Tanya Jawab 91

Mei 25, 2009 at 8:36 am Tinggalkan komentar

Dari: Hans

Pertanyaan:

Saya ingin mengetahui tentang Dewa Se San Tai Po (Cap Sha Tai Po) anak dari Kuang Ce Cung. Mohon dapat dikasih infonya.

Terima Kasih

Jawaban:

Cerita tentang Guang Ze Zun Wang akan saya sampaikan berikut ini.

Menurut legenda tersebut, beliau tidak pernah punya anak, apalagi sampai tiga belas orang, namun mungkin saja ada cerita legenda lain tentang beliau, mohon maaf saya tidak bisa mengomentari tentang Shi San Thay Bao tersebut, berikut cerita legendanya :

Guang Ze Zun Wang Juga mempunyai gelar lain yaitu Bao An Zun Wang, namun secara umum sering disebut dengan nama Guo Shen Wang, nama aslinya adalah Guo Hong Fu.  Dia berasal dari marga Guo, dari kota QuanZhou, kabupaten Nan An, di propinsi Fujian. Beliau hidup di zaman Dinasti Song. 

Menurut legenda yang banyak beredar, ia hidup bersama ibunya yang sudah tua. Berkat bimbingan sang ibu ini, Hong Fu menjadi seorang anak yang rajin bekerja dan berbudi luhur.  Di masa kecilnya bekerja sebagai gembala pada seorang tuan tanah yang sangat kikir.  Pagi-pagi ia sudah bangun, dengan riang gembira pergi mengembala ternak yang dipercayakan kepadanya.  

Pada suatu hari sang hartawan mengundang seorang ahli FengShui untuk
memperbaiki kuburan leluhurnya.  Selama tinggal di rumah hartawan ia
berkenalan dengan Guo Hong Fu, dan ia tertarik dengan pribadi anak gembala itu.

Mereka menjadi sahabat baik meskipun usia mereka berbeda jauh.  Karena
kekikiran sang hartawan, sering kali ahli FengShui ini hanya diberi makanan
nasi dan lauk sedikit dan seadanya.  Hong Fu sangat iba pada orang tua ini,
sehingga rela menyisihkan nasinya untuk sahabatnya itu.  Sang ahli FengShui
pun sangat berterima kasih atas kebaikan Hong Fu.  Untuk membalas budi anak ini, ia memberikan petunjuk agar memindahkan makam ayahnya ke suatu tempat yang menurut perhitungan FengShui bagus, agar kelak hidupnya bahagia. 

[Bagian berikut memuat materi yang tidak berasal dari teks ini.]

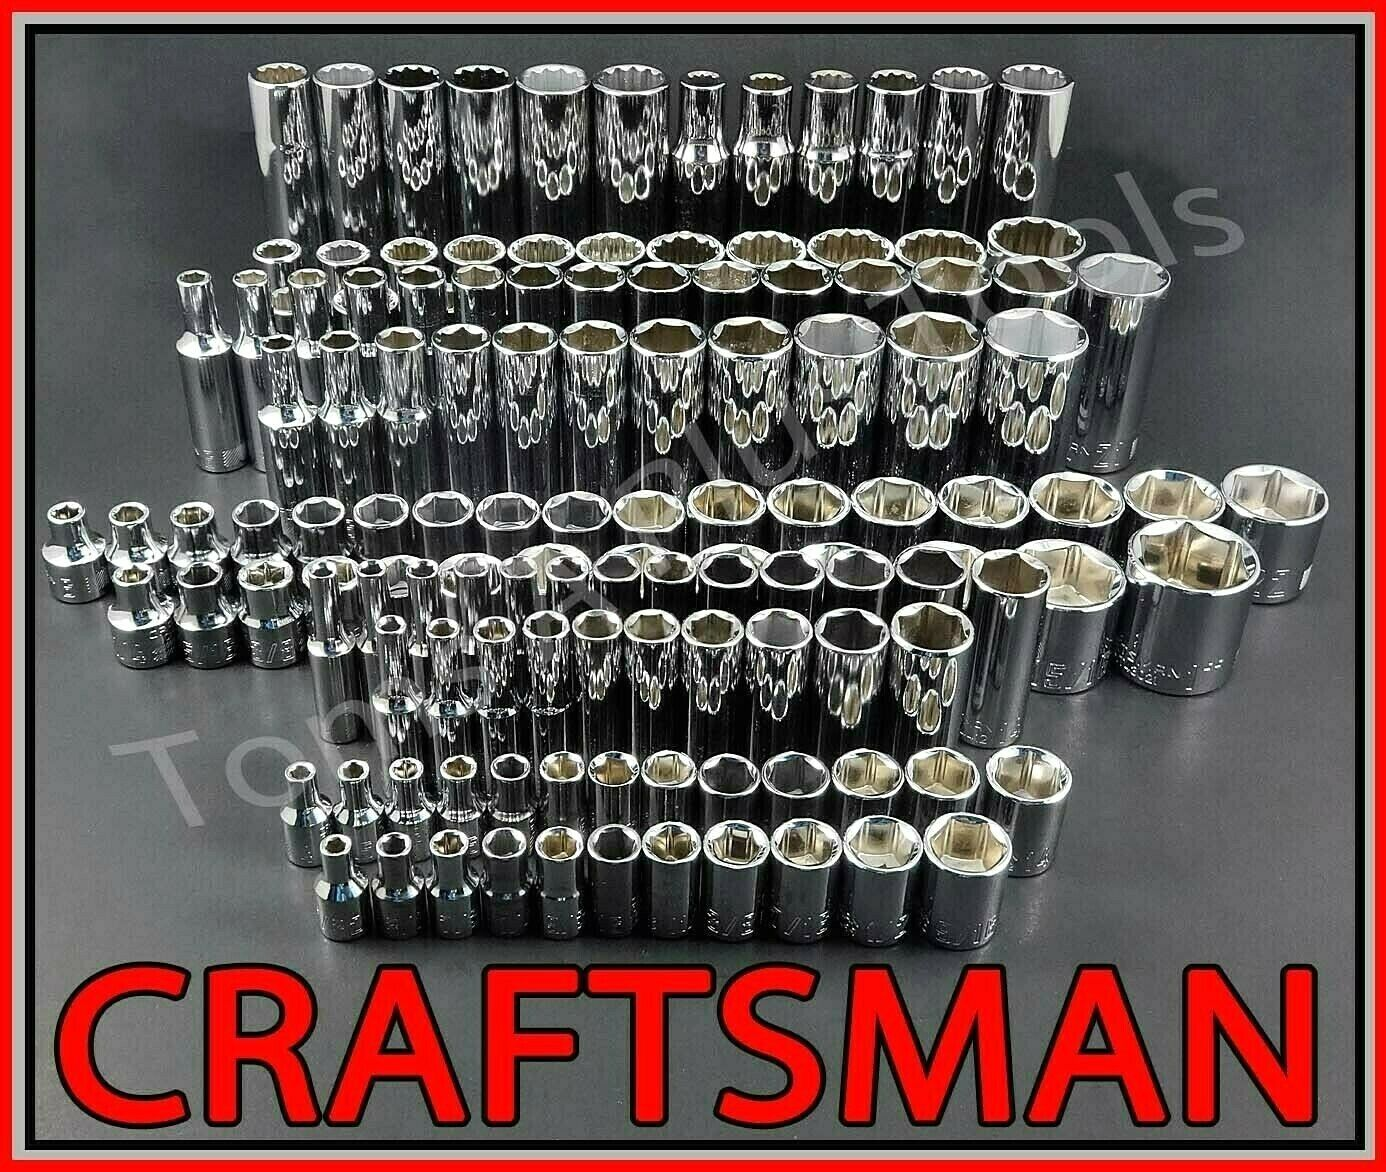 CRAFTSMAN HAND TOOLS 136pc 1/4 3/8 1/2 SAE METRIC MM Ratchet

Ia mengikuti petunjuk sang ahli FengShui atas persetujuan ibunya.
Guo Hong Fu menggali kuburan ayahnya, mencuci tulangnya sampai bersih,
membungkusnya dengan kain, dimasukkan ke dalam periuk tanah liat untuk dikubur lagi disuatu tempat. 

“Mulai sekarang, engkau harus menggembalakan ternakmu di sekitar tempat ini, sampai ada seorang lelaki bertudung besi menuntun kerbau dengan seorang anak lelaki yang berjalan di bawah perut kerbau lewat d isitu.  Tempat di mana kamu melihat mereka , itulah arah letak Feng Shui yang terbaik dan kuburlah tulang ayahmu disitu”, pesan sang ahli Feng Shui. 

Begitulah, dengan sabar Hong Fu menunggu sambil menggembalakan dengan membawa periuk tanah liat berisikan tulang beluang ayahnya yang tak pernah lepas dari gendongannya.

Suatu siang yang cerah mendadak berubah menjadi gelap dengan petir
menyambar-nyambar, kemudian diikuti dengan turunnya hujan yang lebat. 

Hong Fu tak sempat menggiring pulang ternaknya, sehingga terpaksa berteduh di bawah pohon besar.  Saat beliau berteduh, dari arah tikungan muncul seorang seorang lelaki menuntun kerbau dengan terburu-buru.  Ia menggunakan wajan besi untuk melindungi kepalanya dari hujan dan anaknya yang masih kecil berlindung di bawah perut kerbaunya.  Melihat itu Hong Fu tertegun.  Beliau segera sadar akan pesan sang ahli Feng Shui.  Tanpa memperdulikan hujan yang masih mengguyur, ia segera menggali di tempat di mana pertama kali ia melihat mereka dan menanamkan periuk berisi tulang ayahnya di situ. 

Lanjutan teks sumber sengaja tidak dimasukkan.